The designers described it as an "unprecedented mass coral bleaching in the Great Barrier Reef, the largest living organism in the world".

The design duo point out that the colour of coral in the oceans is a key indicator of the health of a marine ecosystem.

"It really says something about humans that even when the largest living organism on the planet displays tangible, visible suffering, we’re still slow to act on climate change," they said.

Pantone should take responsibility say duo

Yin Wong and Railton-Woodcock suggest that the Pantone colour of the year should act as a reflection of society's concerns.

"The colour is meant to guide, inspire and shape the world of design (and beyond), while reflecting the state of the world as we know it – the rich tapestry of an entire year, distilled into a single colour," said the pair.

Bleached Coral Jack and Huei Pantone
Jack and Huei claims Pantone could "bring this global issue from the depths of the ocean to the surface of our screens"

The studio feels strongly that the creative industries have a responsibility to put coral bleaching at the forefront of people's minds through the work that they create.

"It’s a sad reality that this precious connection to nature might be lost within a generation or two," they told Dezeen.

They point out that 85 per cent of the Australian population live within 30 miles of the ocean, but are keen to stress that it is a global issue rather than an Australian one.

"This is an issue we care about deeply and we think the creative industry has an opportunity to bring this global issue from the depths of the ocean to the surface of our screens," they explained.

If Pantone chose Bleached Coral as the 2020 Colour of the Year, they suggest, it would influence the clothes we wear, the products we buy, and the media we consume.

"As the walls between creative industries bleed together, the colours we use in fashion, industrial design, advertising, even music, creep into our everyday lives," they explained.

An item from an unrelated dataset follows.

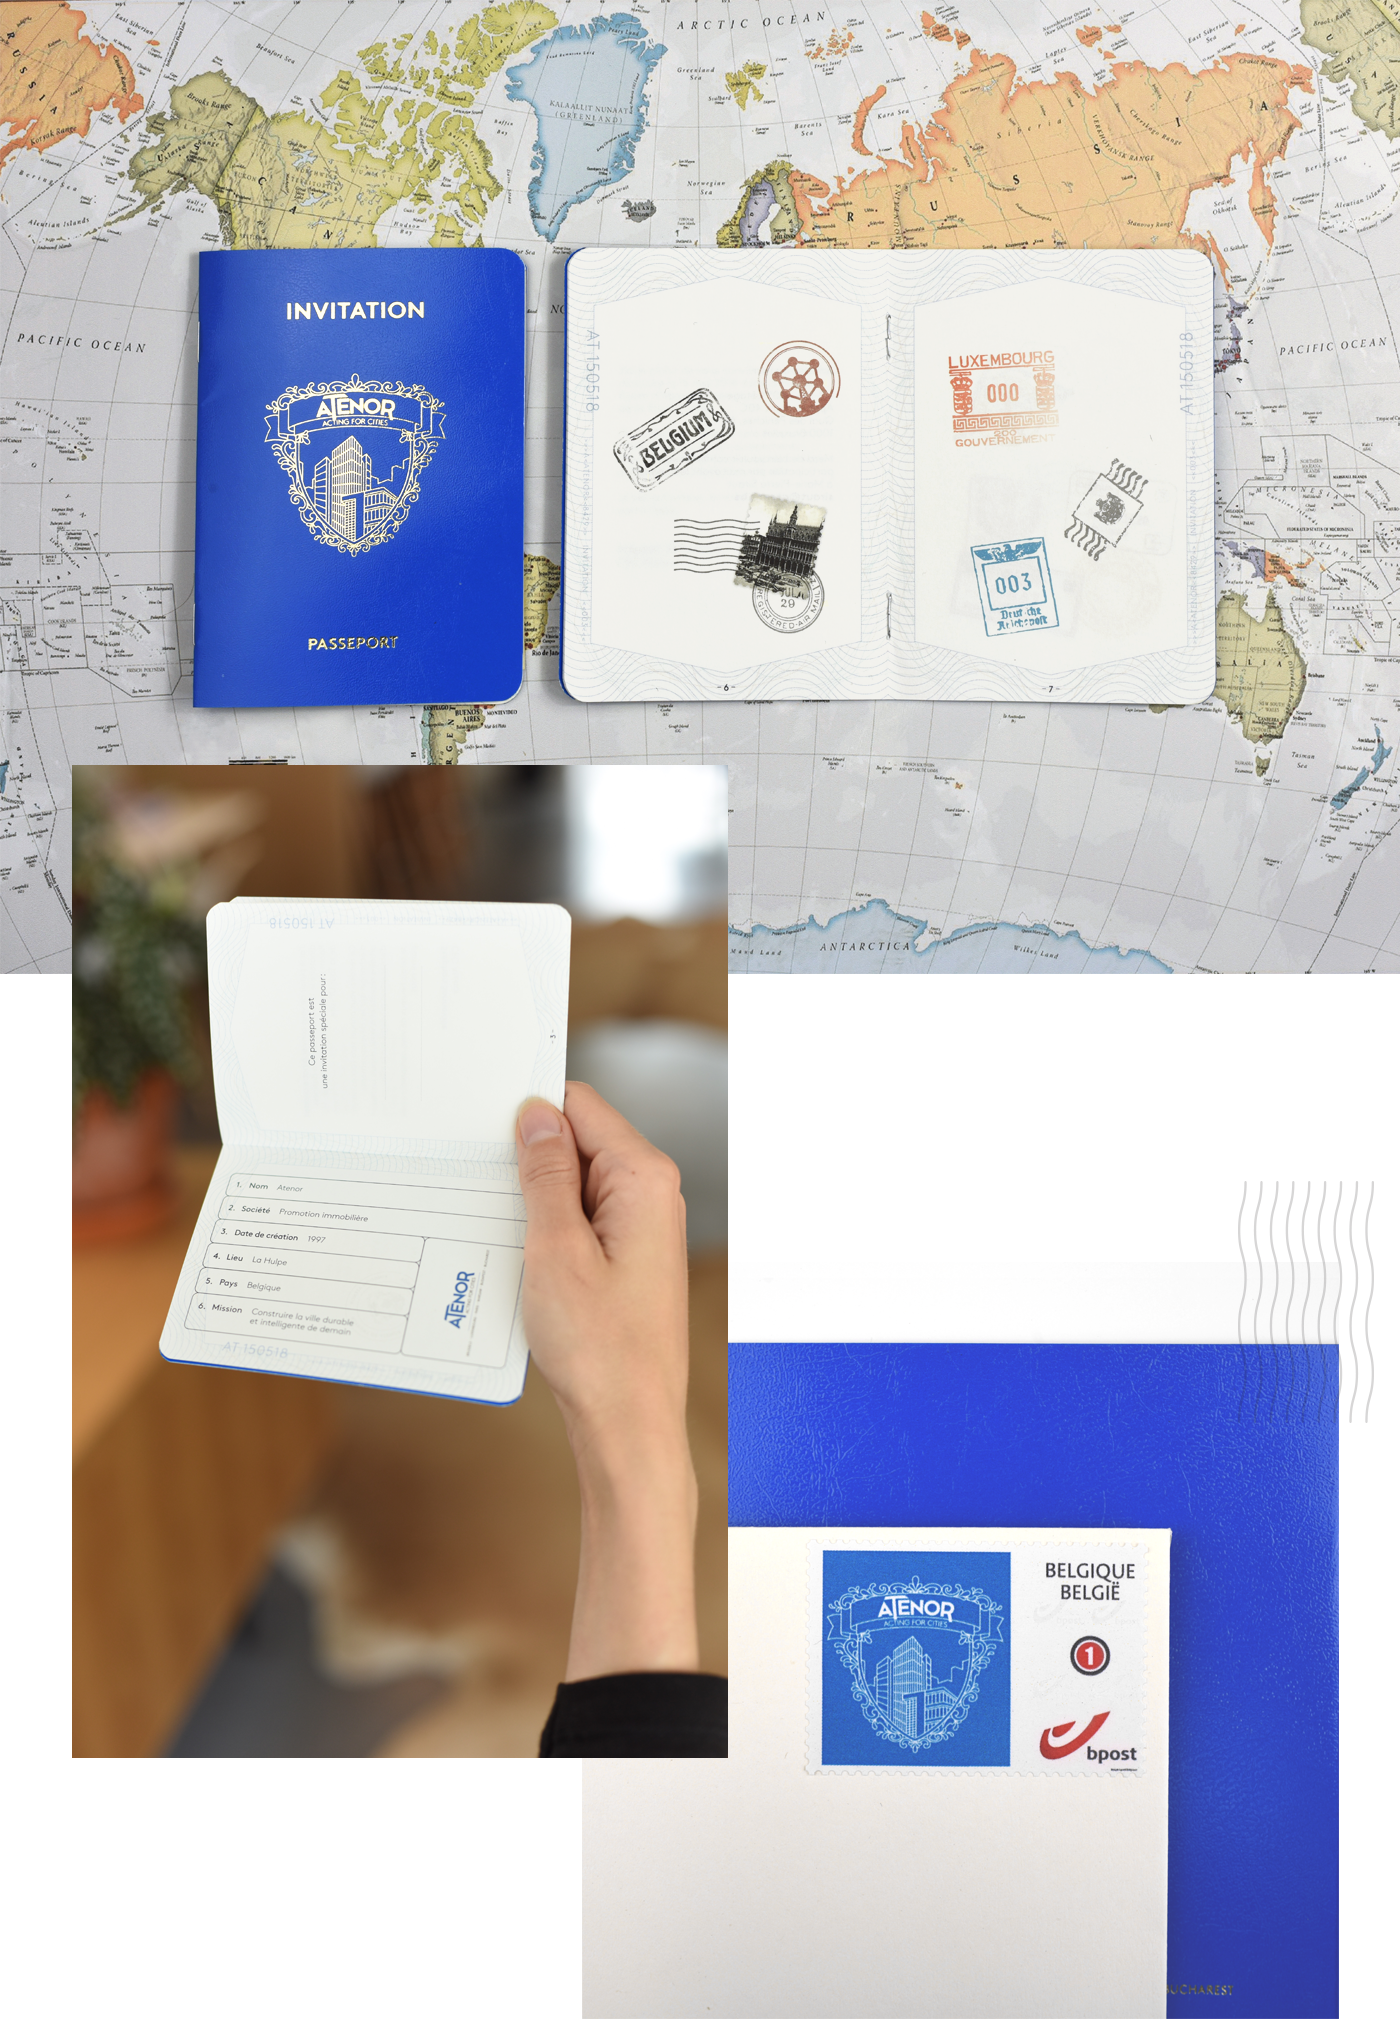 passport atenor on world map

"We're already seeing Living Coral pop up all over the place."

Pantone described Living Coral as life-affirming

Trend forecasting experts at the Pantone Colour Institute looks to "what is taking place in our global culture at a moment in time" when deciding on the colour for that year.

When announcing Living Coral as the 2019 colour of the year, the colour institute referenced the "sustenance and shelter to sea life" that coral offers, as well as the "devastating" effect of today's society on the environment.

However the announcement fell flat with many in the design community and further afield, with Michelle Ogundehin writing for Dezeen that "while Pantone claim its choice of colour harks of optimism, naivety might seem more appropriate".

Pantone describes the peachy orange Living Coral tone as an "animating and life-affirming coral hue with a golden undertone that energises and enlivens with a softer edge".